I cannot give a full solution, but I will explain why your original example using MPI_Gather
does not work as expected.
使用lengthSubN=2
定义了2个浮点数的新数据类型,它们在此行中相邻存储在内存中:
With lengthSubN=2
you defined a new datatype of 2 floats which are stored adjacent in memory at this line:
MPI_Type_contiguous(lengthSubN, MPI_FLOAT, &rowType);
现在,让我们看一下第一个MPI_Gather
调用:
Now, let's take a look at the first MPI_Gather
call which is:
if(id == 0) {
MPI_Gather(&gridPtr[1][1], 1, rowType, global_grid[0], 1, rowType, 0, MPI_COMM_WORLD);
} else {
MPI_Gather(&gridPtr[1][1], 1, rowType, NULL, 0, rowType, 0, MPI_COMM_WORLD);
}
它需要1个rowType
,这是从每个列中的元素gridPtr[1][1]
开始的2个相邻浮点.这些是值:
It takes 1 rowType
which is 2 adjacent float starting at element gridPtr[1][1]
from each rank.

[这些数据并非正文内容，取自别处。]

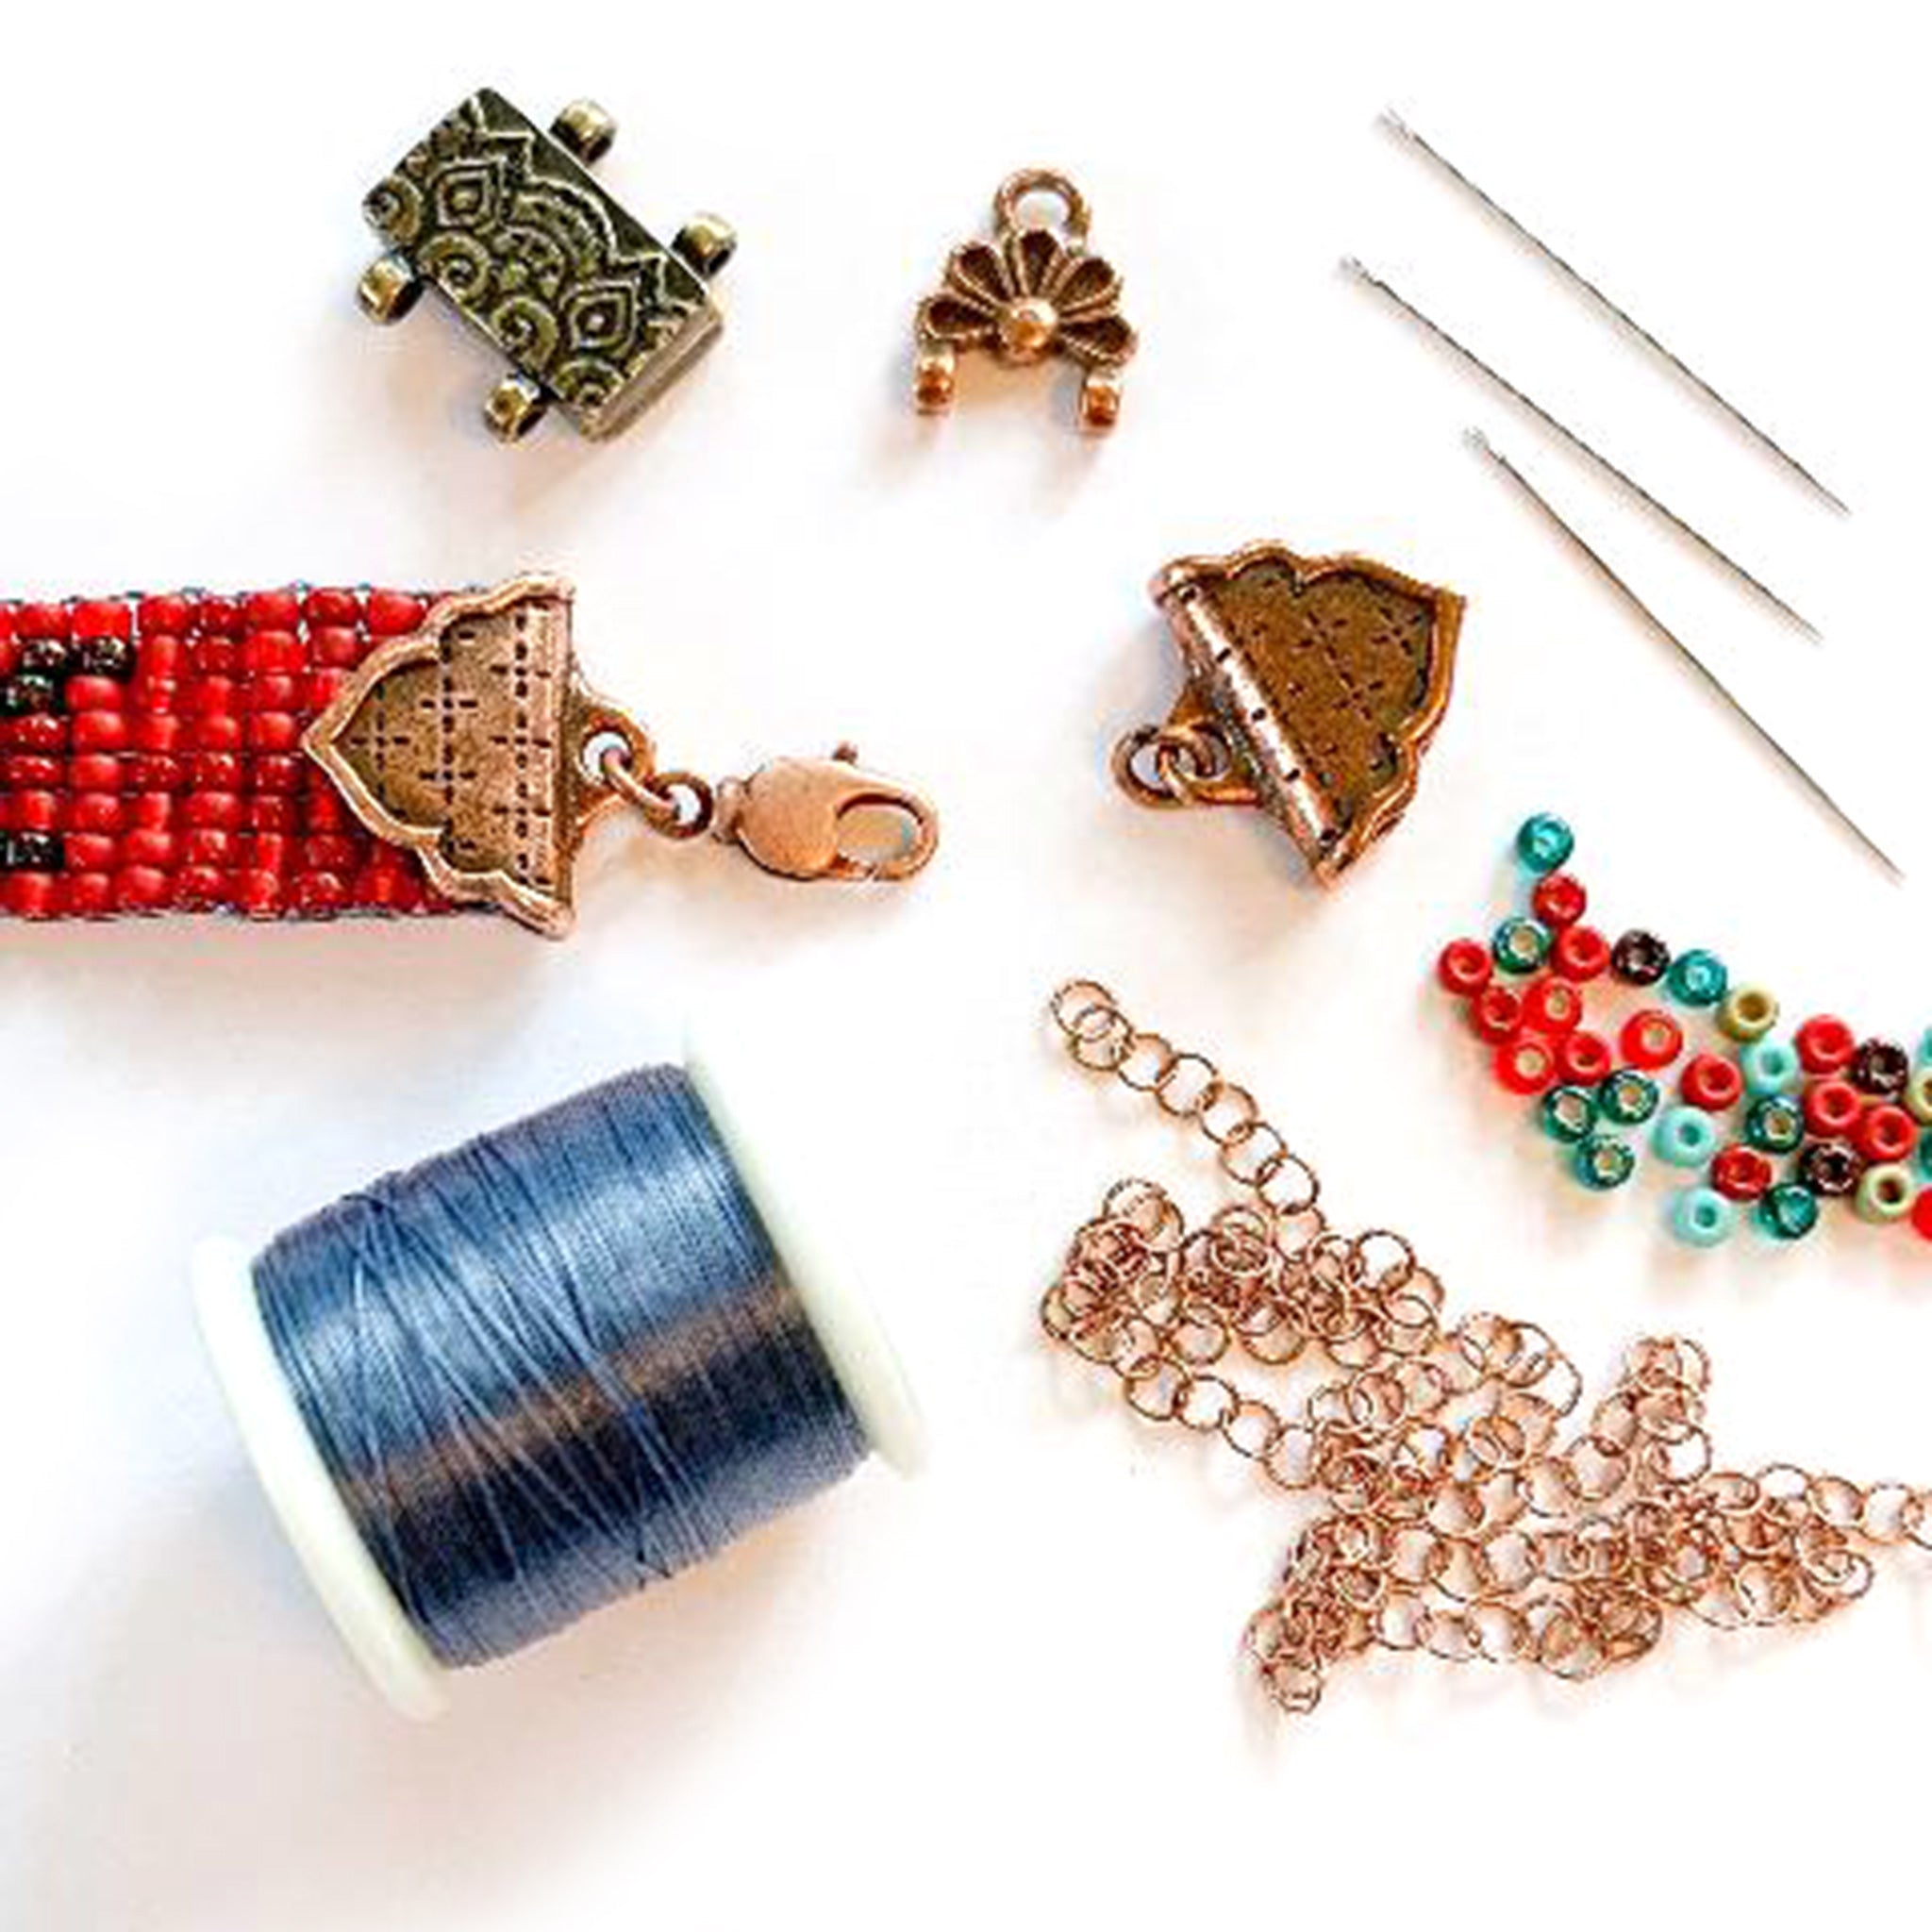 Closures for Seed Bead Projects<br> 10.7.20

These are the values:
id 0: 1.0 2.0
id 1: 5.0 6.0
id 2: 9.0 10.0
id 3: 13.0 14.0
并将它们放置在global_grid[0]
指向的接收缓冲区中相邻.该指针实际上指向第一行的开头,因此内存充满了:
and places them adjacent in the receive buffer pointed to by global_grid[0]
. This pointer actually points to the start of the first row, so that the memory is filled with:
1.0 2.0 5.0 6.0 9.0 10.0 13.0 14.0
但是,global_grid
每行只有4列,因此最后4个值将换行到global_grid[1]
(*)指向的第二行.这甚至可能是不确定的行为.因此,在此MPI_Gather
之后,global_grid
的内容为:
But, global_grid
has only 4 columns per row, so that the last 4 value wrap to the second row pointed to by global_grid[1]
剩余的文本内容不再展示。